Ranking structures according to the computed work

A powerful aspect of the EBmetaD method is that one can track the amount of work that was required to match the distance distribution for any given input molecular system (Hustedt et al., 2018). In the case of BetP, we can therefore ask which of the two conformational states requires the least work to match the distribution, and is thus inherently more consistent with the experimental ensemble. In the presence of sodium alone, matching the spin-label distance distribution starting with the Na⁺-bound inward-facing conformation of BetP required less work than when starting with the Na⁺-bound outward-facing conformation (Fig. 5 A, left), although the effect size is small compared with the error observed for the latter.

Figure 5.

Work required by each simulation system to reproduce the experimental distance distribution. The work was computed by averaging the bias potential applied over the last 0.8 µs of each simulation of G450R5/S516R5. Simulations were performed with two bound sodium ions (2Na⁺), in either the absence (left) or presence (right) of betaine. The BetP conformation used to start the simulation was either inward- (PDB accession no. 4C7R, blue) or outward-facing (PDB accession no. 4LLH chain A, red). Error bars represent the SD of work values obtained by averaging over the two halves of the last 0.8 µs for the entire width of the distance distribution (A), or averaging the bias potential applied for distances <37 Å (B; see Materials and methods and Fig. S2), as expected for exclusively interprotomer interactions.
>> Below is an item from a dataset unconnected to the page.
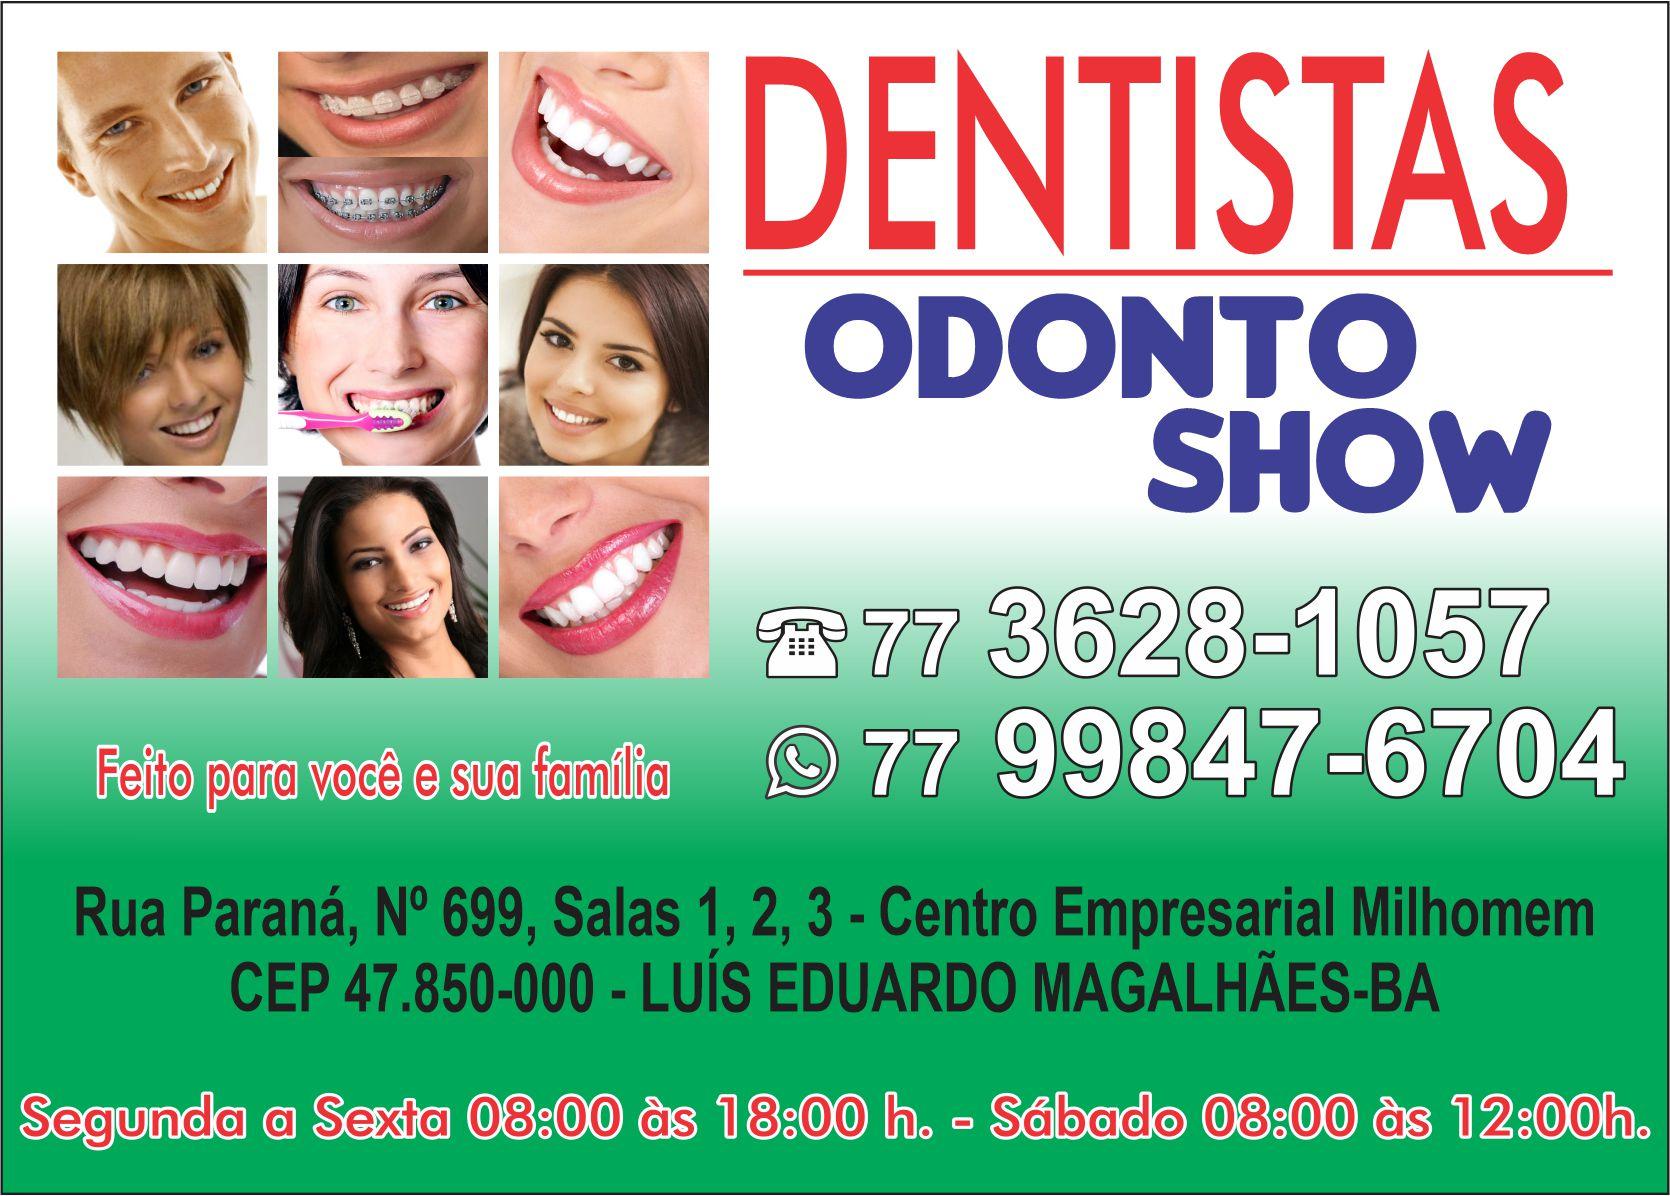 odonto show banner

A similar trend is observed for the simulations of the substrate-bound state targeted to the experimental distribution measured in the presence of sodium and betaine (Fig. 5 A, right). That is, the inward-facing state required substantially less work to match the distribution than the outward-facing state. Nevertheless, the amount of work in both cases was higher than for the simulations in the absence of betaine, suggesting that the bimodal distribution reflects a mixture of these two states, or possibly a third state not considered explicitly here.

Sensitivity to contributions at long ranges

A structural interpretation of the above results runs somewhat counter to the intuitive expectation that in the presence of sodium, the extracellular pathway would be open (Fig. 1 B), and that the presence of betaine enables the pathway to close to adopt the inward-facing state. Instead, the above results could be interpreted to suggest that the inward-facing conformation is preferred in the presence of sodium, and thus that the extracellular pathway is closed.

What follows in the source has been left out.